South Korean indie rock band

Sunkyeol (선결) is a South Korean shoegaze band. The band currently consists of Kim Kyeongmo, Cho Yonghoon, Cho Incheol, Lee Hyeji and Joe Hollick. Since their formation in 2010, the band has released a studio album Radical is a Relative Concept (급진은 상대적 개념) (2015).

== Career ==
Sunkyeol was formed in 2010, Kim Kyeongmo and Joe Hollick have been making music together in London since 2005. released a self-titled EP the same year.

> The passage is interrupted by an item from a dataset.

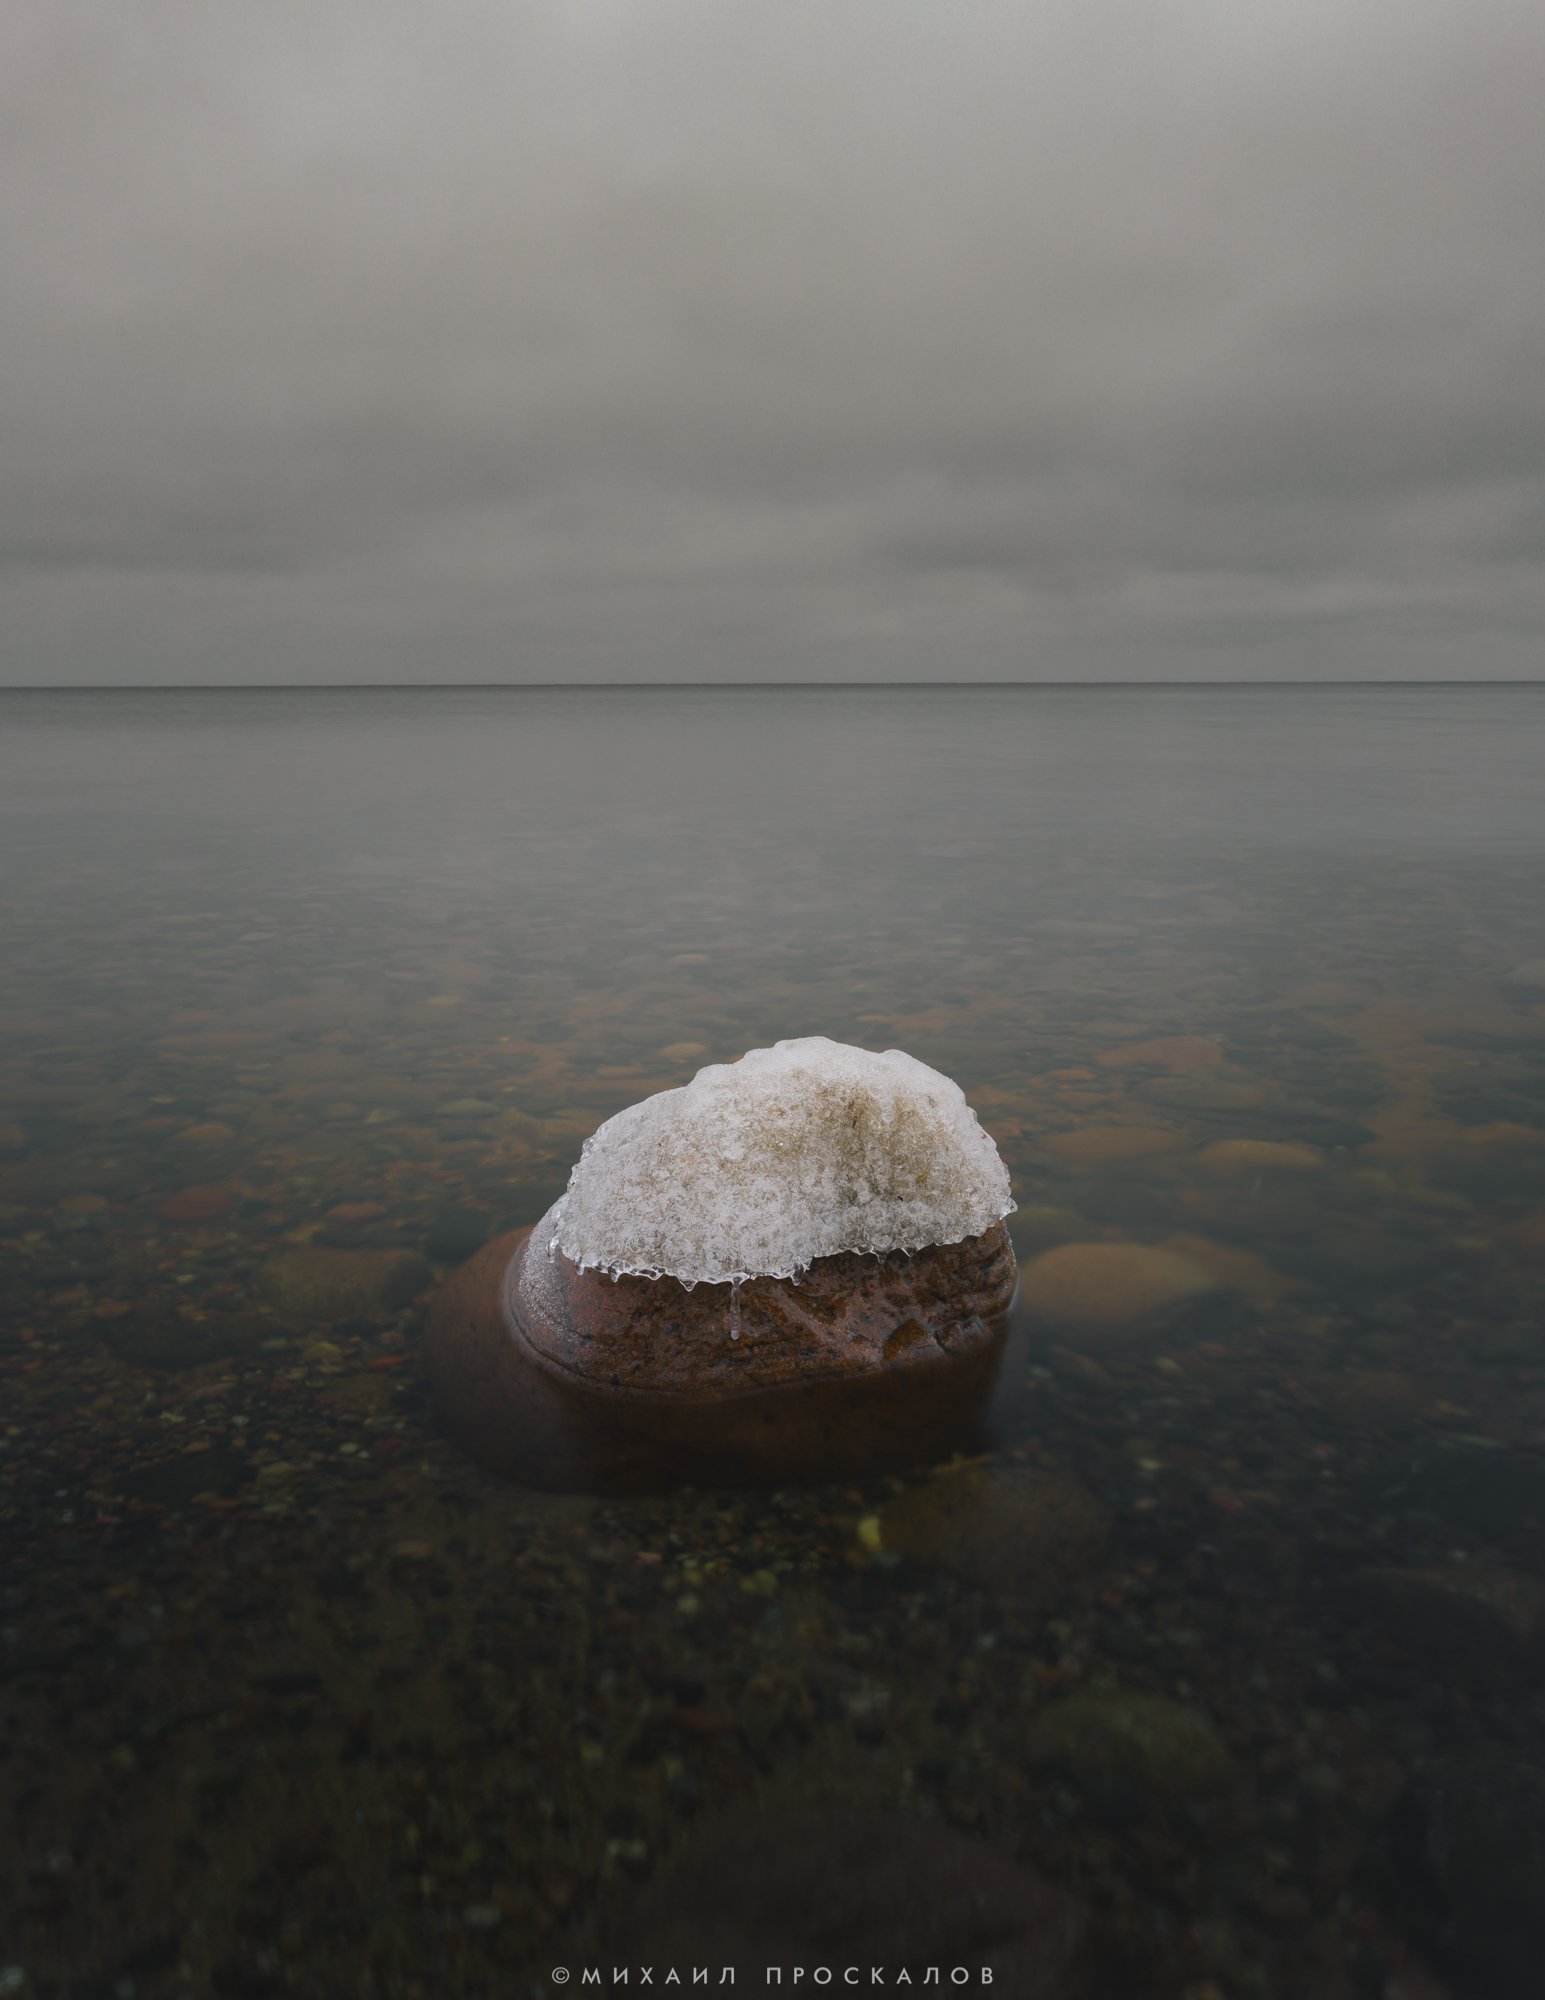 Природа, панорама, камень, снег, серое, Михаил Проскалов

In 2015, they released their first studio album, Radical is a Relative Concept (급진은 상대적 개념). The album cover used a photo of a struggleist taken in Myeong-dong in 2011 by Park Jung-geun. They said in an interview that the image was used as an album cover because it gave a heterogeneous feeling, and that there was no political meaning. The album was initially produced only on CD, and online streaming was released six months later. The album was highly supported by South Korean indie fans and topped the K-Indie Chart, a music chart that counts South Korea's pure record sales. Members Kim Kyeongmo and Lee Hyeji participated in Lang Lee's second album Playing God, which was released in 2016.

== Discography ==
=== Studio albums ===
- Radical is a Relative Concept (급진은 상대적 개념) (2015)

=== EPs ===
- Sunkyeol (2010)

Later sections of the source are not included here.